Cai Chusheng (1906-1965) traversed a road of realism with Chinese characteristics. Most of the films he produced and directed reveal the social contradictions of modern China in a penetrating way, condemn the old society and the corruption of the ruling class, show the heart of the masses, and called for the arrival of liberation. His films had clear-cut artistic characteristics, complicated and moving plots, and detailed portrayals of the characters. Well knit and rich in connotation, they showed various aspects of the traditional ethics of the Chinese nation.
The Life of Fishermen created the highest box-office record in the 1930s and The Spring River Flows East(co-directed with Zheng Junli) created the highest box-office record in the 1940s.The Spring River Flows East in particular shows Cai Chusheng's skill at praising the true, the good, and the beautiful and his lashing out at the false, the evil, and the ugly by means of comparison and other cinema-to-graphic techniques and according to the aesthetic demands and standards of appreciation of the audience.
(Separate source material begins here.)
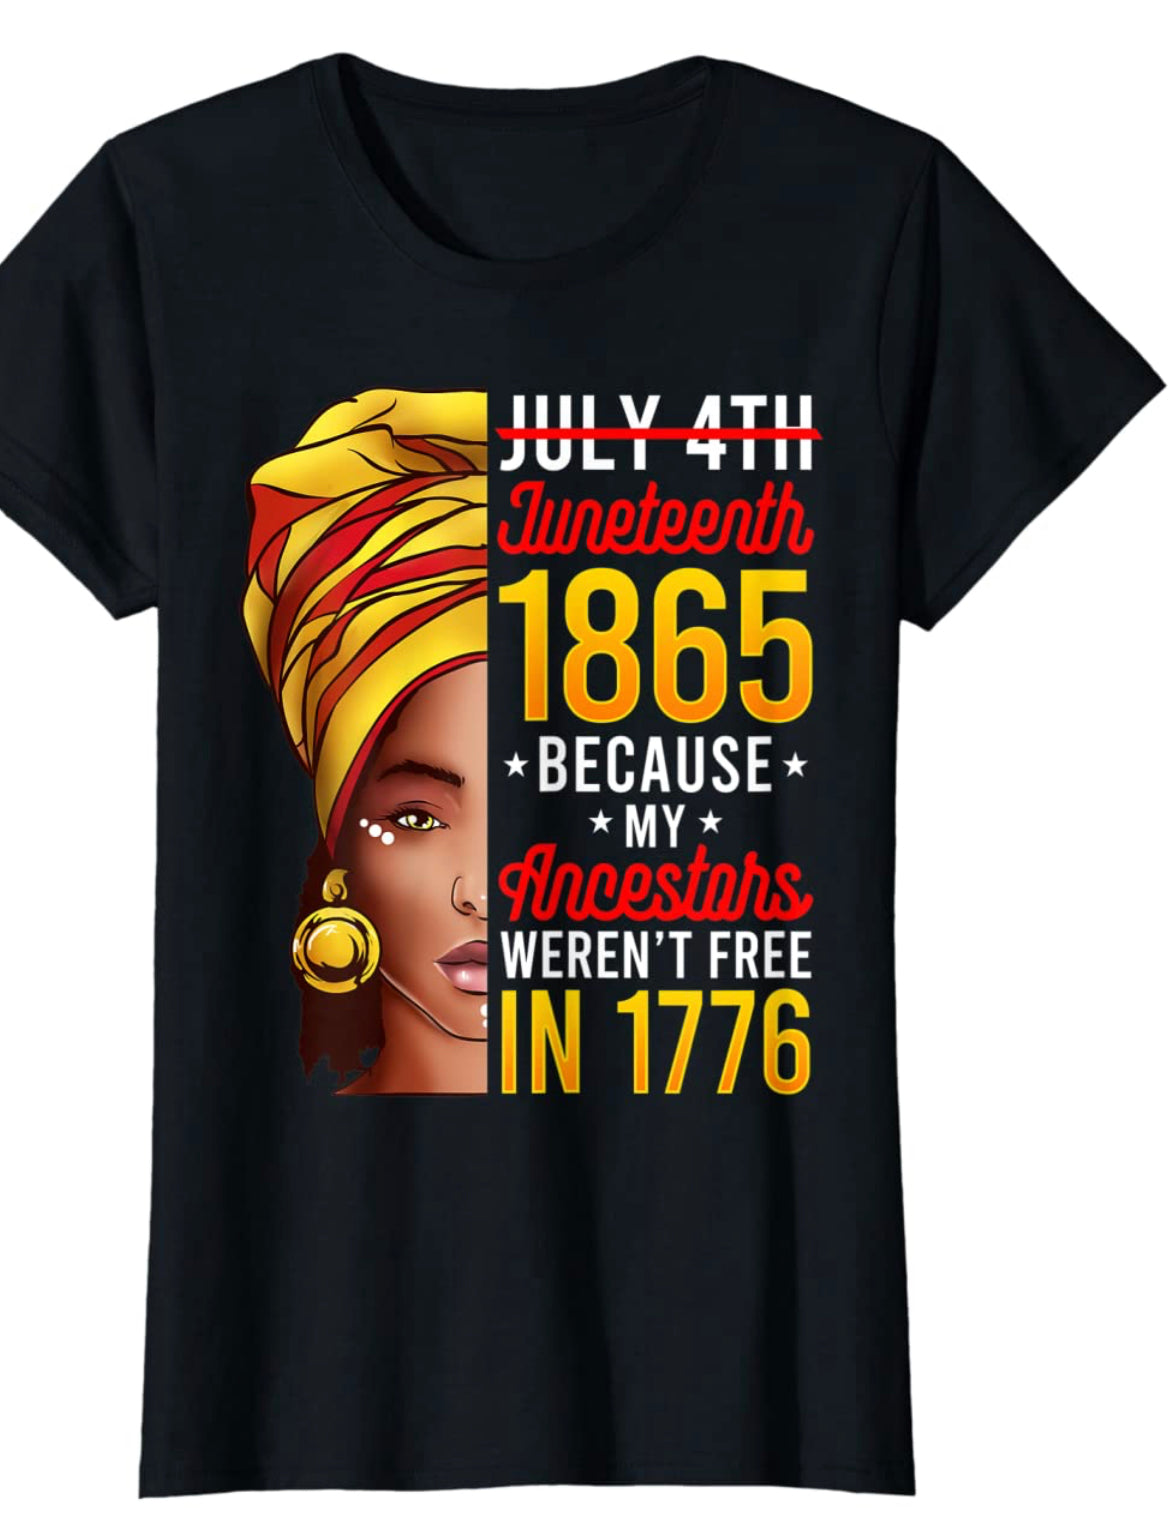 Final Sale Plus Size "Juneteenth African American" T-Shirt in Black

This epic film has a broad social background, a great variety of events, many characters with complicated relations, and a long time span. But the film features a clear, logical arrangement of events to keep the beginning and the end in unity and coherence, leaving no lapses in the change of time.
This was a fine artistic effect achieved by Cai with his skilful application of the traditional Chinese techniques of artistic expression. He also adopted a technique often seen in traditional Chinese novels, where each chapter is headed by a couplet giving the gist of its content, or the techniques used in opera to unfold the plot, all combined with interlacing and comparison by the use of montage, to achieve a change of scenes within the same time span and the development of the plot step by step till the film reaches its climax and conclusion. All the works written and directed by him were very much welcomed by Chinese audiences and still hold an important position in the annals of Chinese cinema.